Conservative synagogue in Stockholm, Sweden

The Great Synagogue of Stockholm (Stockholms stora synagoga, בית הכנסת הגדול של שטוקהולם) is a Conservative Jewish congregation and synagogue, located at 3A Wahrendorffsgatan, close to the park Kungsträdgården on Norrmalm, in Stockholm, Sweden. The synagogue was designed by Fredrik Wilhelm Scholander in the Moorish Revival style and completed in 1870.

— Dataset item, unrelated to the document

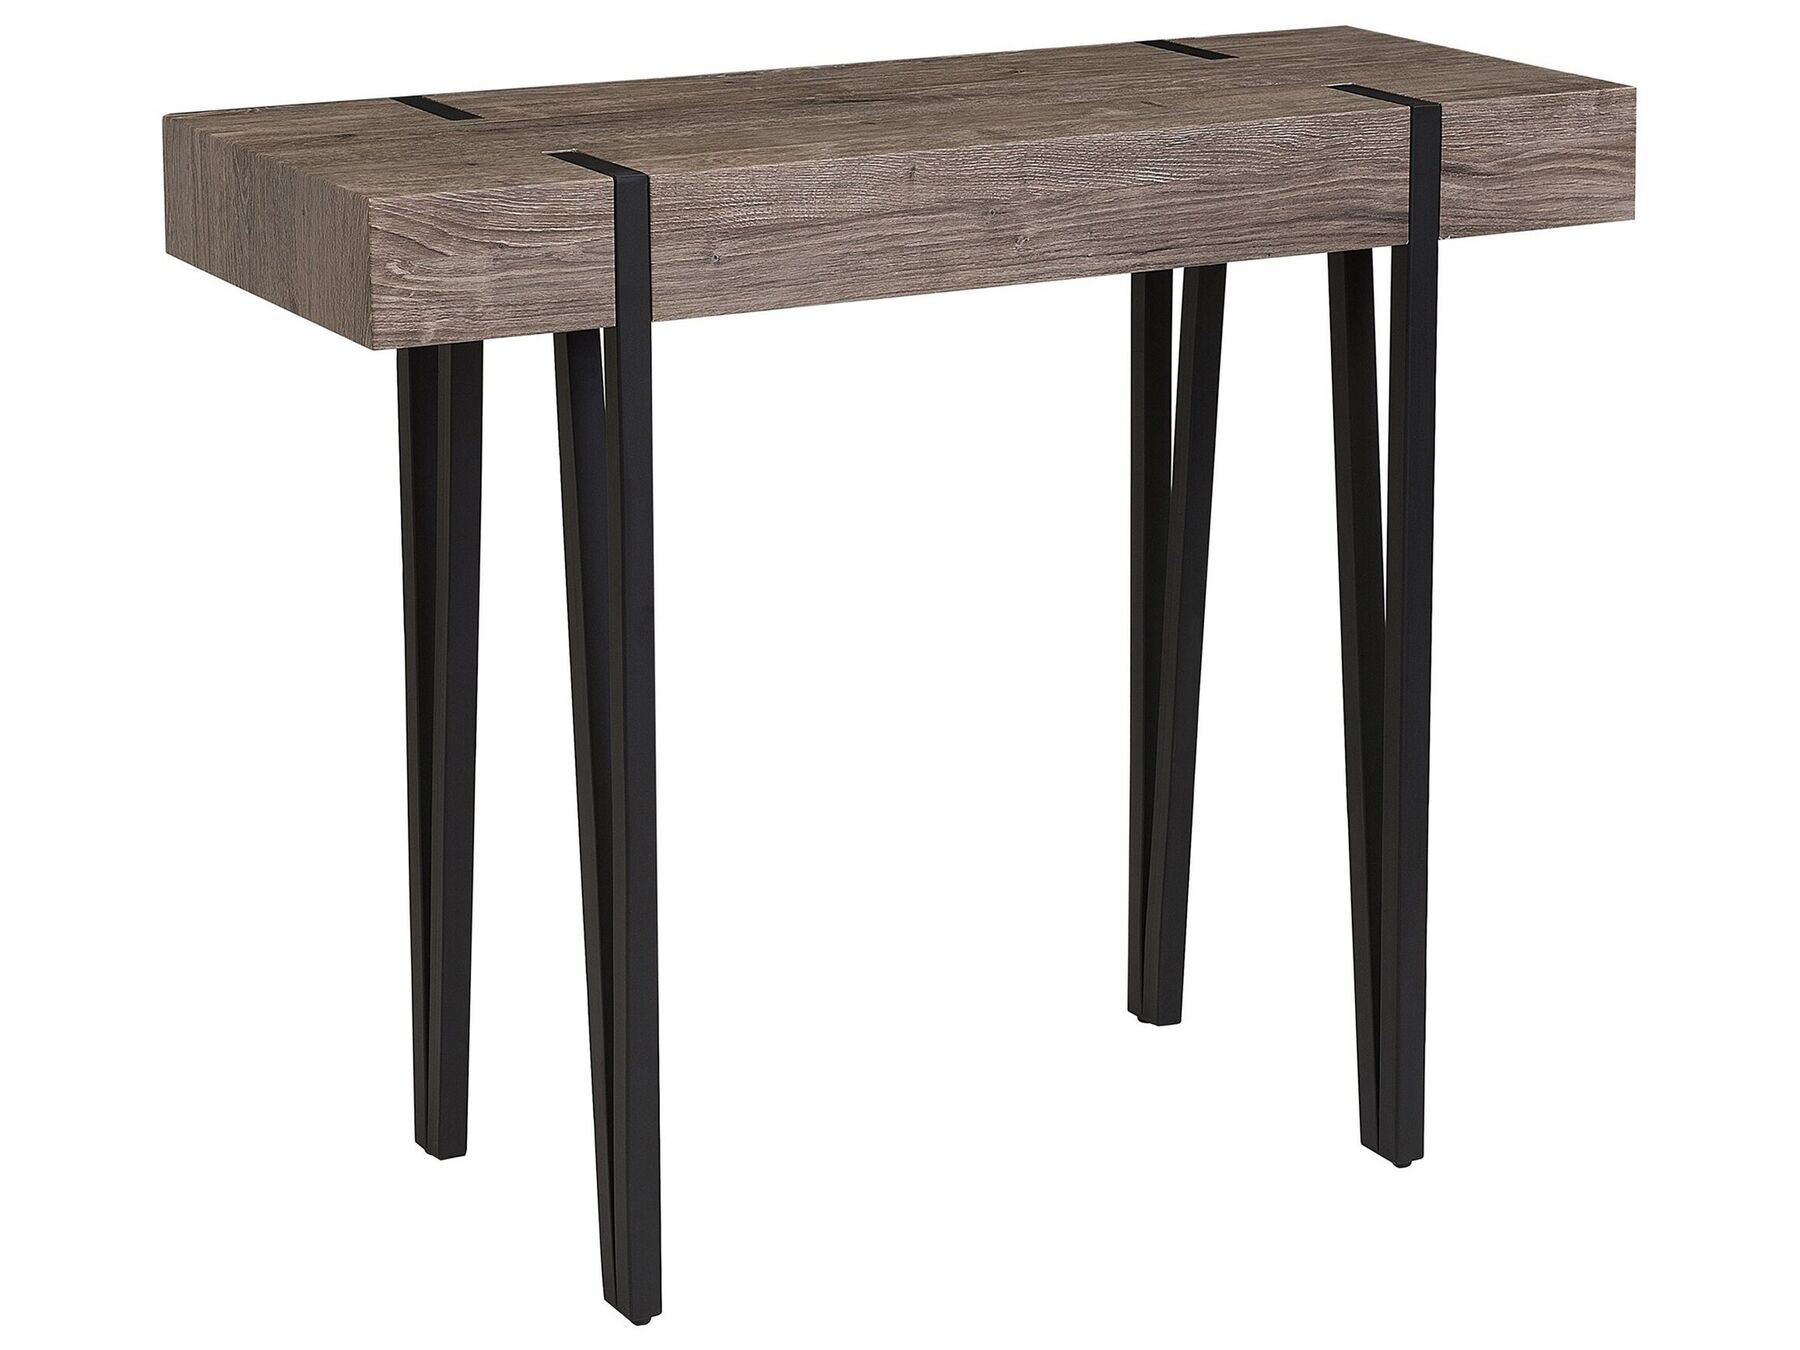 Industrial Console Table Dark Wood Top Metal Hairpin Legs Adena
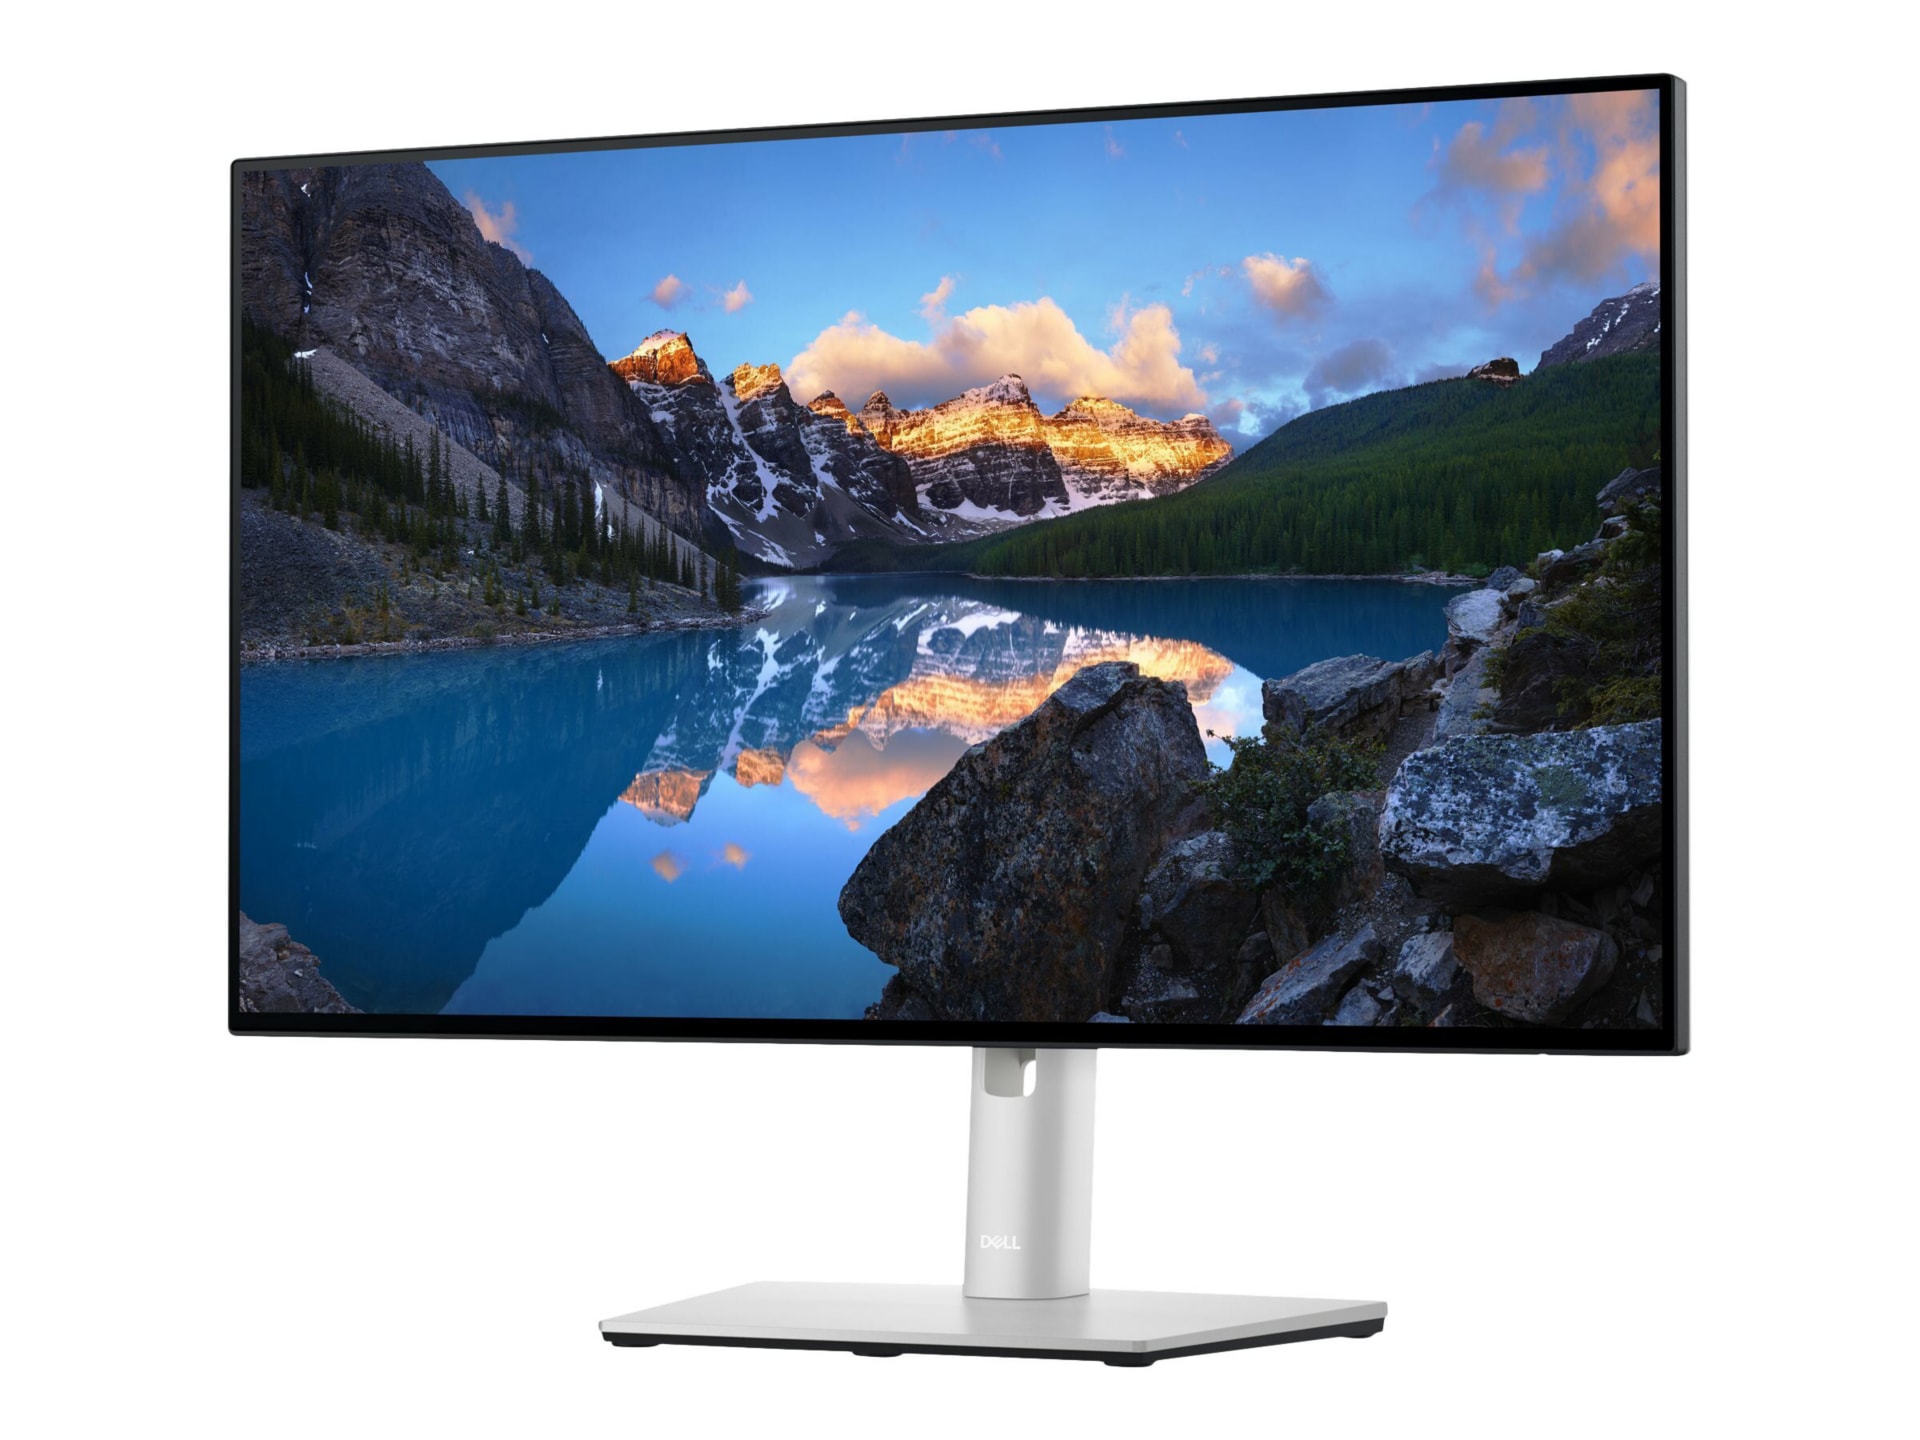 Dell UltraSharp U2422H - LED monitor - Full HD (1080p) - 24

The synagogue was classified as a listed building in 1991.

== History ==
It was built 1867–1870 according to designs made in 1862 by the architect Fredrik Wilhelm Scholander. The building has been called a "paraphrase over Oriental motifs", and it is listed in the Swedish registry of national historical buildings. It was preceded by an earlier synagogue at Tyska Brunnsplan in the Stockholm Old Town (now the Jewish Museum on 19, Själagårdsgatan), used 1790–1870, and services were held in an even earlier location on Köpmanbrinken near Köpmantorget in the Old town 1787–1790.

The Judiska biblioteket, the Jewish Community Library, is located beneath the Great Synagogue of Stockholm. Its multilingual collection consists of books in Swedish, German, English, French, Hebrew, and other languages. It includes the library of Rabbi Marcus Ehrenpreis (1869–1951), who was Chief Rabbi of Sweden from 1914 to 1951. The Library also hosts occasional exhibits, such as the 2007 exhibit of the Friedrich Kellner World War II diary which chronicles the years of Nazi Germany and the Holocaust of European Jewry.

A monument to the memory of victims of the Holocaust, with more than 8,000 names of victims who were relatives of Swedish Jews, was dedicated by the King of Sweden, Carl XVI Gustav, at the synagogue in 1998.

When Ute Steyer took over as the Great Synagogue's rabbi in January 2015, she became the first female rabbi in Swedish history.

In 2017 a new mikvah was built in the basement of the synagogue.

==Hebrew inscriptions==

Decorative inscriptions in Hebrew are etched and painted into the stonework of the Great Synagogue. The front façade is inscribed with ועשו לי מקדש ושכנתי בתוכם, from Exodus 25:8-9.

On the rear façade are two inscriptions; בית הכנסת הגדול של שטוקהולם, the building's formal name, under which is written a passage from Isaiah 57:19, בורא ניב שפתים שלום שלום לרחוק ולקרוב אמר יי ורפאתיו.